Your goal: What is needed is the run of lines from the one with "to 2-3 years." through the close of the data, set down exactly.

Dataset content:
▼

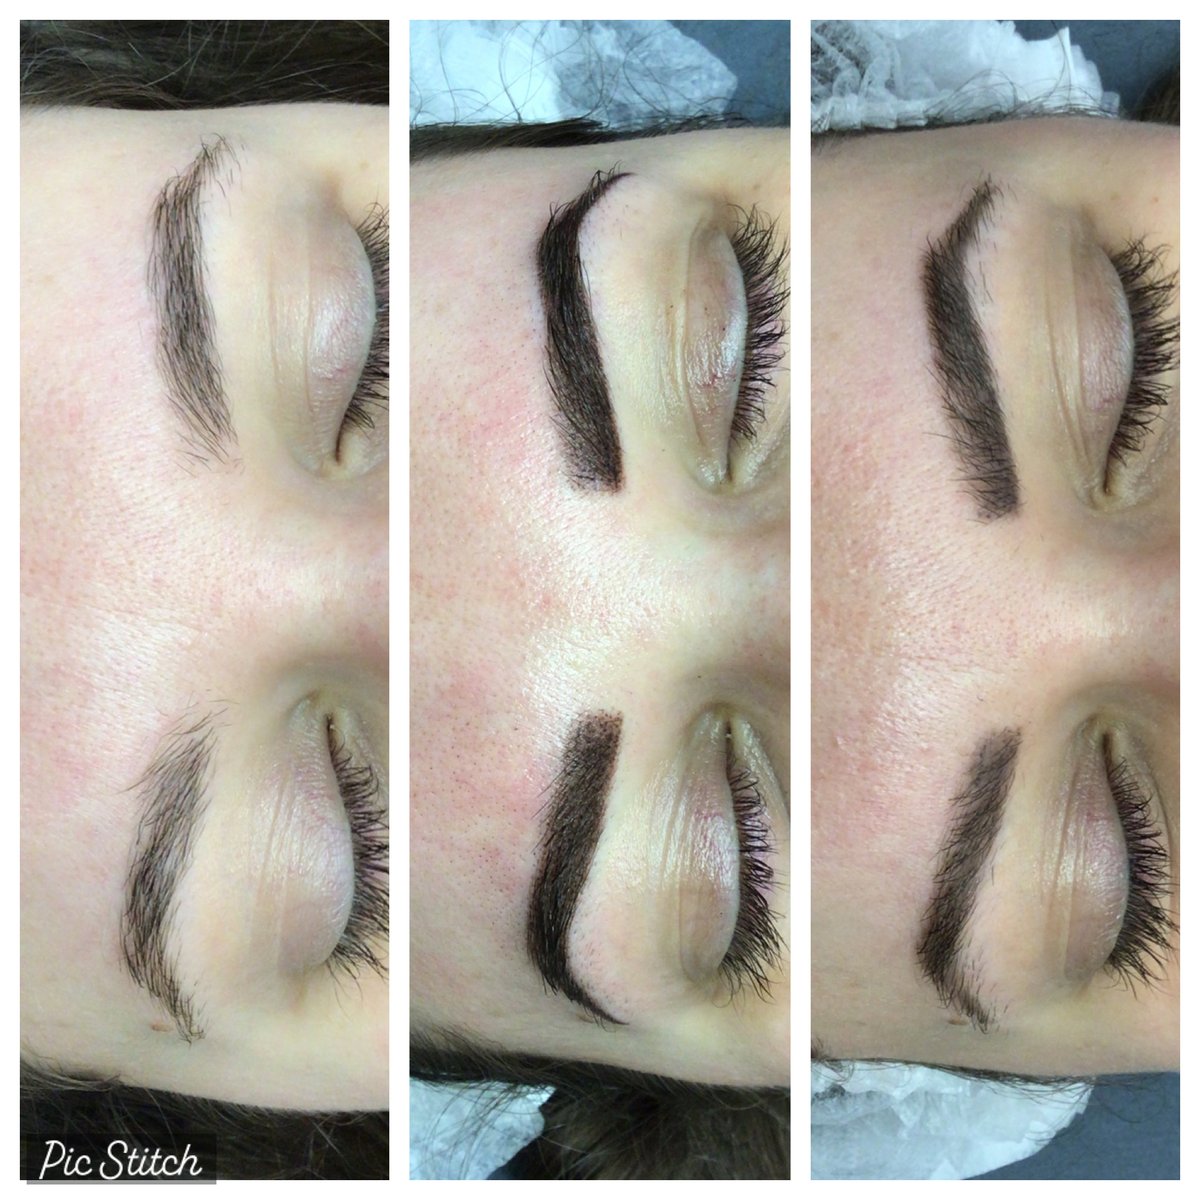 From left 👈 to right 👉 before, immediately after, and healed Ombre brows after 1st session! 💯
**Results do vary based on lifestyle and skin type,** but usually can last on average up to 2-3 years.
 #ombreeyebrow #semipermanenteyebrows #spmubrows #spmuartist

▲

Completed exercise:
**Results do vary based on lifestyle and skin type,** but usually can last on average up to 2-3 years.
 #ombreeyebrow #semipermanenteyebrows #spmubrows #spmuartist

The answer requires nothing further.